Император из стали (СИ) - Васильев Сергей Викторович. Страница 36

— Ваше Императорское Величество, Всемилостивейший Государь, — поднялся с места первенствующий член Святейшего Синода митрополи?т Анто?ний. — Можете не сомневаться, православная церковь всегда стояла и будет всецело стоять на страже интересов престола, будучи незыблемым столпом самодержавия.
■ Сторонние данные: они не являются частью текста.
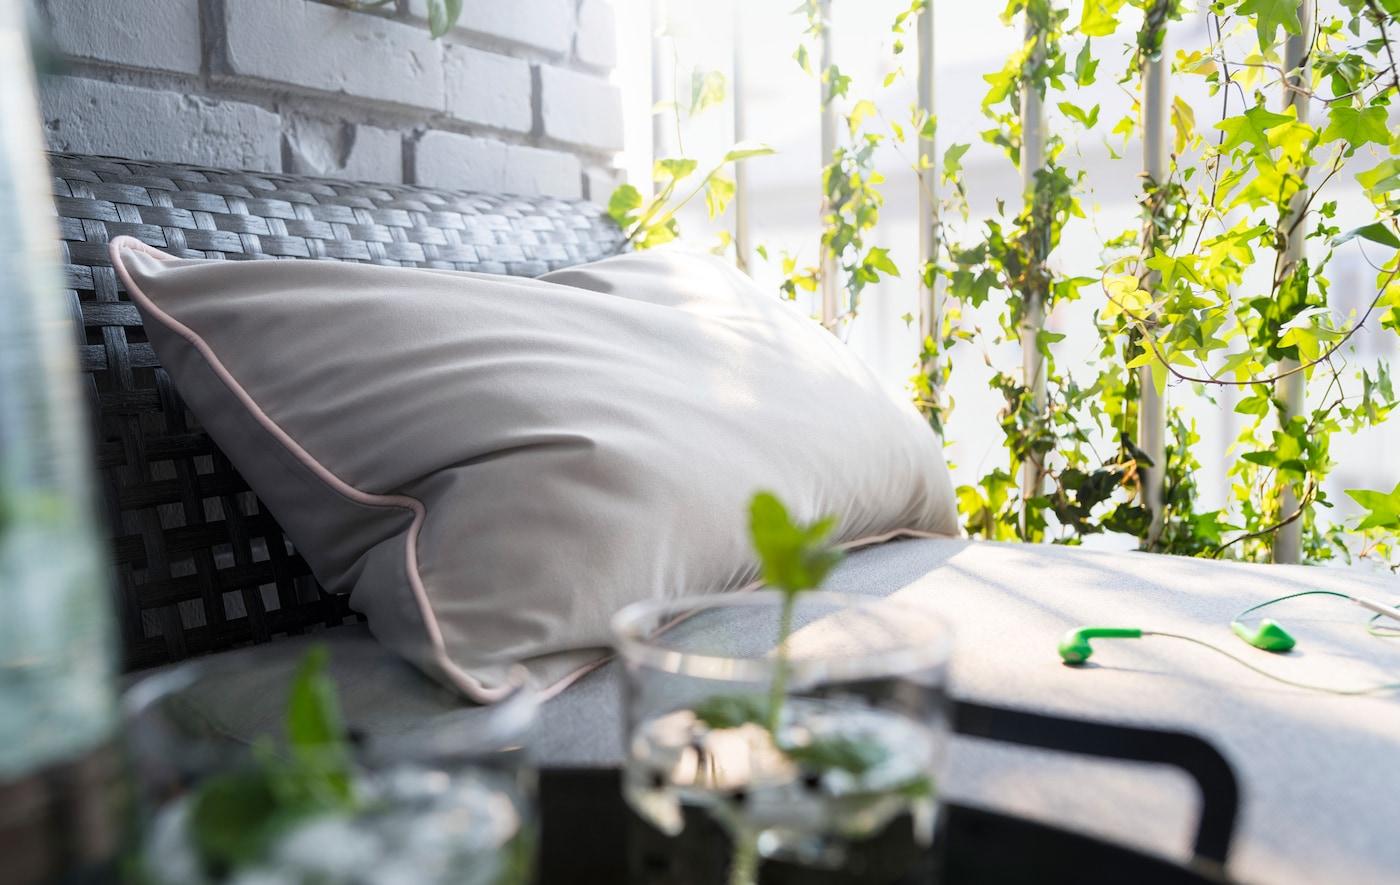 balkon mit pflanzen gestalten tipps ikea ikea. Black Bedroom Furniture Sets. Home Design Ideas

Пользуясь милостивым дозволением Вашего Величества, коим я не злоупотреблял и впредь не намереваюсь, я все же осмеливаюсь приступить к изготовлению двух записок: о недостатках церковных законопроектов и о способах созыва Церковного Собора — каковые записки желал бы представить Вашему Величеству. Всё это поможет укрепить веру и поддержать в подданных любовь к божьему помазаннику.

Мария Фёдоровна, поддержкой и покровительством которой пользовался митрополит, с тревогой отметила, какая тень пробежала по лицу монарха во время произнесения этой выспренной речи, как оно окаменело и колючими сделались глаза. «Не то, отец Антоний, совсем не то ждал от тебя мой сын», — с горечью подумала императрица, закусив губу от предчувствия скорой грозы.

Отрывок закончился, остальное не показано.